Recently, however revisionists have thrown up various alternative interpretations of these verses.  One of these plays with the meaning of ‘natural’: perhaps Paul was speaking about what is natural to an individual, one’s orientation.  On this view, Paul was not speaking about some Law of Nature by which people should live.  Instead, he was really just saying that those with a heterosexual orientation (their own ‘nature’) should not engage in homosexual acts.  (This clever exegetical slight of hand does not work for Paul’s first example: one does not get to worship one’s own god.) Another revisionist suggestion that has often been cited suggests that Paul only had in mind paedophilia, the love relationship between an adult male and a male youth—a common enough arrangement in ancient Greek society (not Roman).  Of course, Paul first mentions lesbianism, and he could have mentioned paedophilia had this been his meaning.  Of the various playful and inventive suggestions by revisionists, the one that most catches the attention of those unfamiliar with classical literature is the suggestion that ‘natural’ is not a dictate of Nature but of one’s orientation.

The purpose of this exegetical comment is to draw people’s attention to a passage in Plato’s Laws that parallels what Paul is saying.  It undermines the revisionist diversion in the meaning of ‘nature’.  The comparisons are placed in the following table.

Romans 1.26-27 (ESV)

Plato, Laws 1.636[2]

For this reason God gave them up to dishonorable passions [pathē]. For their women [thēleiai] exchanged natural[]physikēn]  relations for those that are contrary to nature [para physin]; 27 and the men [arsenes] likewise gave up natural [physikēn] relations with women and were consumed with passion [oreksei] for one another, men [arsenes] committing shameless acts with men [arsesin]  and receiving in themselves the due penalty for their error.

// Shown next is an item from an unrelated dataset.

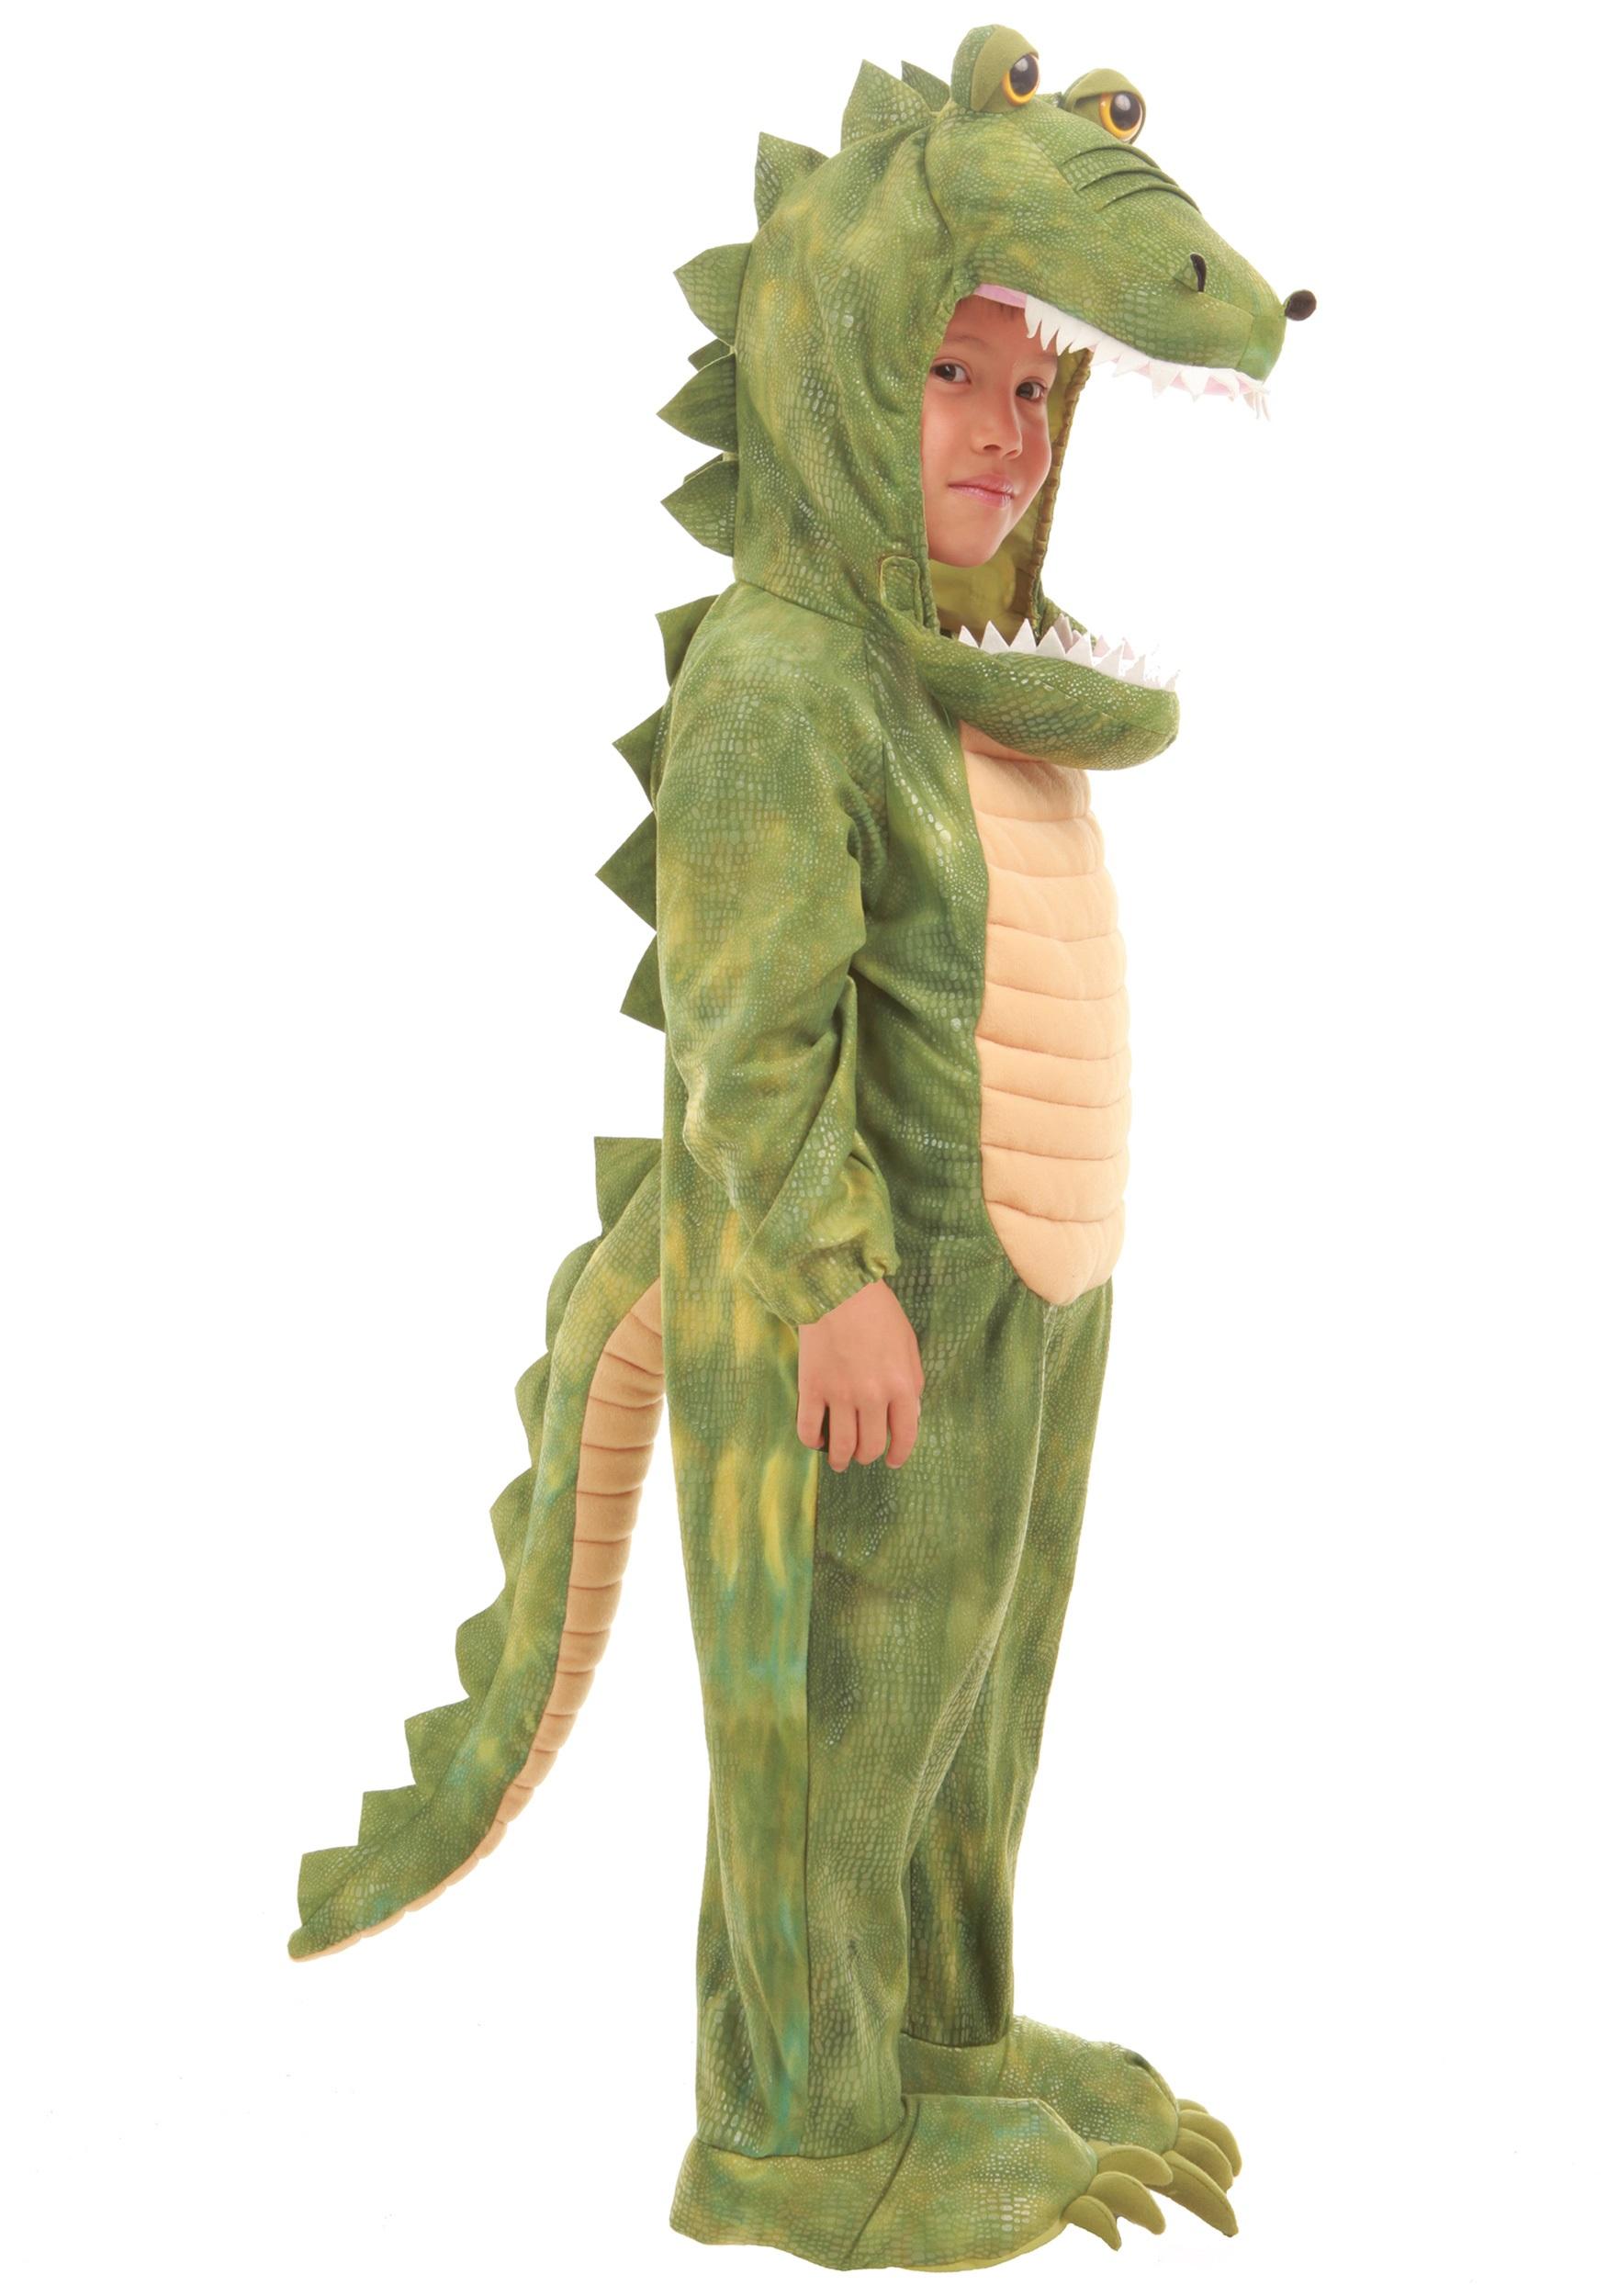 Kids Alligator Costume  sc 1 st  Halloween Costumes & Kids Alligator Costume - Halloween Costumes

and, moreover, this institution, when of old standing, is thought to have corrupted the pleasures of love which are natural [kata physin] not to men [anthrōpōn] only but also natural to beasts.... And whether one makes the observation in earnest or in jest, one certainly should not fail to observe that when male [arrenwn] unites with female [thēleia(i)] for procreation the pleasure experienced is held to be due to nature [kata physin], but contrary to nature [para physin] when male mates with male or female with female, and that those first guilty of such enormities were impelled by their slavery to pleasure (1.636). 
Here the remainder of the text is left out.